Scientific classification
- Kingdom: Plantae
- Clade: Tracheophytes
- Clade: Angiosperms
- Clade: Eudicots
- Clade: Rosids
- Order: Malpighiales
- Family: Malpighiaceae
- Genus: Stigmaphyllon A.Juss.
- Species: 113 species; see text

= Stigmaphyllon =

Genus of flowering plants

Stigmaphyllon is a genus in the Malpighiaceae, a family of about 75 genera of flowering plants in the order Malpighiales. Amazonvine is a common name for species in this genus.

==Distribution==
Stigmaphyllon subg. Stigmaphyllon comprises 92 species of mostly twining woody vines or rarely shrubs native to the Neotropics from southern Mexico to northern Argentina, except Chile and the high Andes; 13 species occur in the West Indies. One species (S. bannisterioides) is also found in seashore vegetation along the Atlantic Coast from southern Mexico to northern Brazil, in the West Indies, and along the coast of western Africa (Guinea Bissau, Guinea, Sierra Leone).

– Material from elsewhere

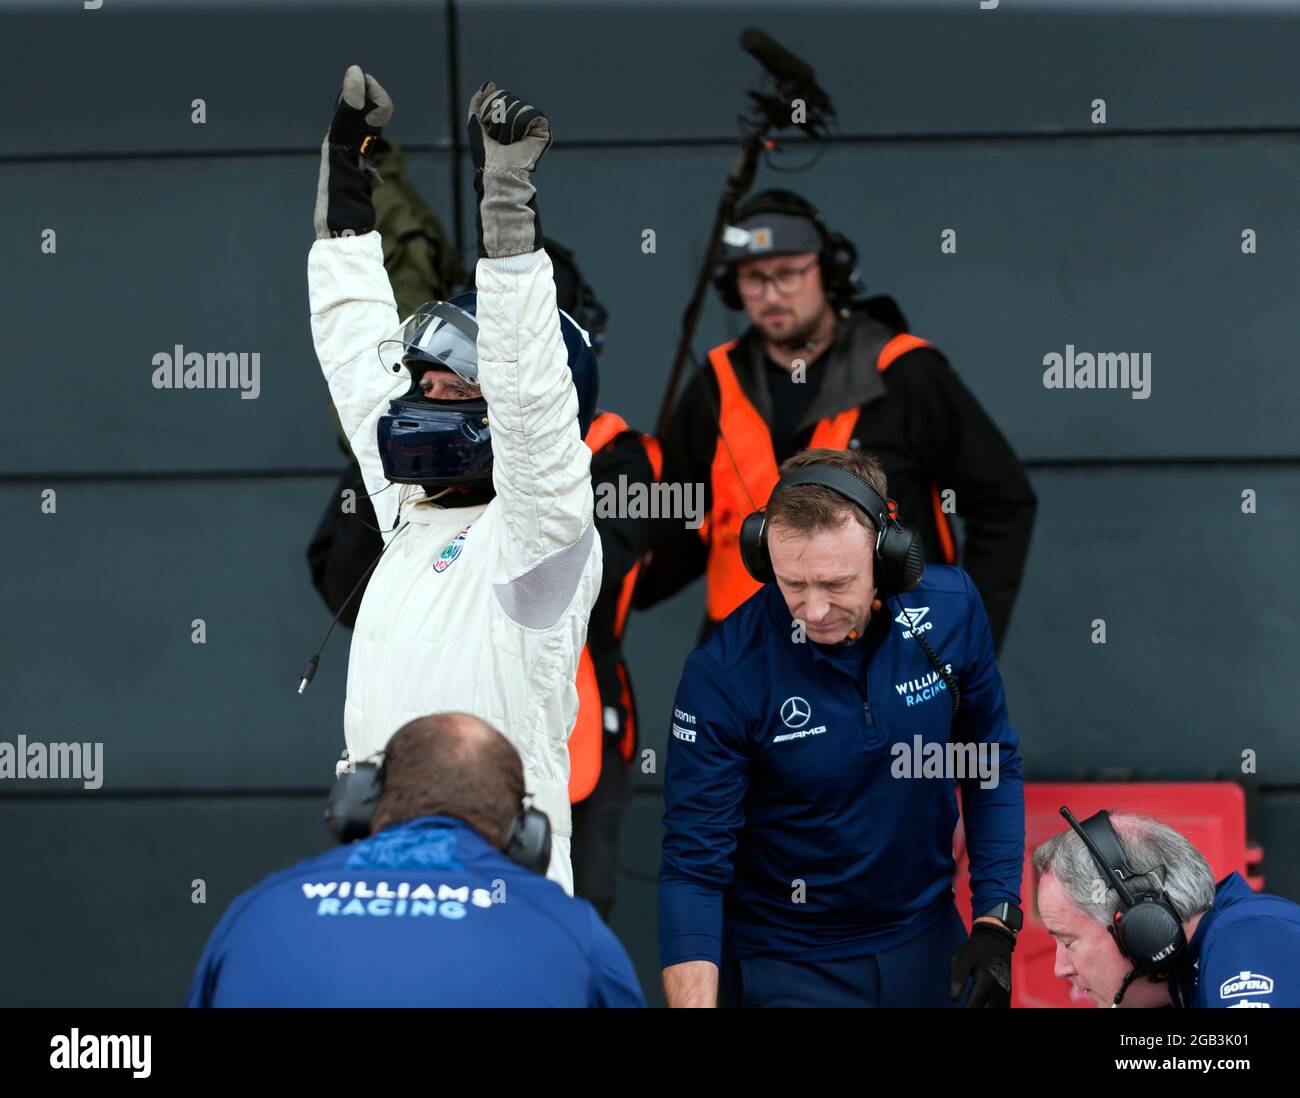 Damon Hill festeggia dopo aver eseguito diversi giri dimostrativi ad alta velocità nel suo Campionato del mondo vincendo Williams FW18 Formula One Car, al Silverstone Classic 2021 Foto Stock

Stigmaphyllon subg. Ryssopterys includes 21 species of woody vines of the Sunda Islands (except Borneo and Sumatra), New Guinea, Queensland (Australia), New Caledonia, Vanuatu, the Solomon Islands, Micronesia, Palau, and the Philippines; S. timoriense has also been recorded from Taiwan and the Ryukyu Islands.

===Threatened species===
Three species from Ecuador, Stigmaphyllon ecuadorense (erroneously listed as Stigmaphyllon ecudorense), Stigmaphyllon eggersii, and Stigmaphyllon nudiflorum, are included in the 2006 IUCN Red List of Threatened Species.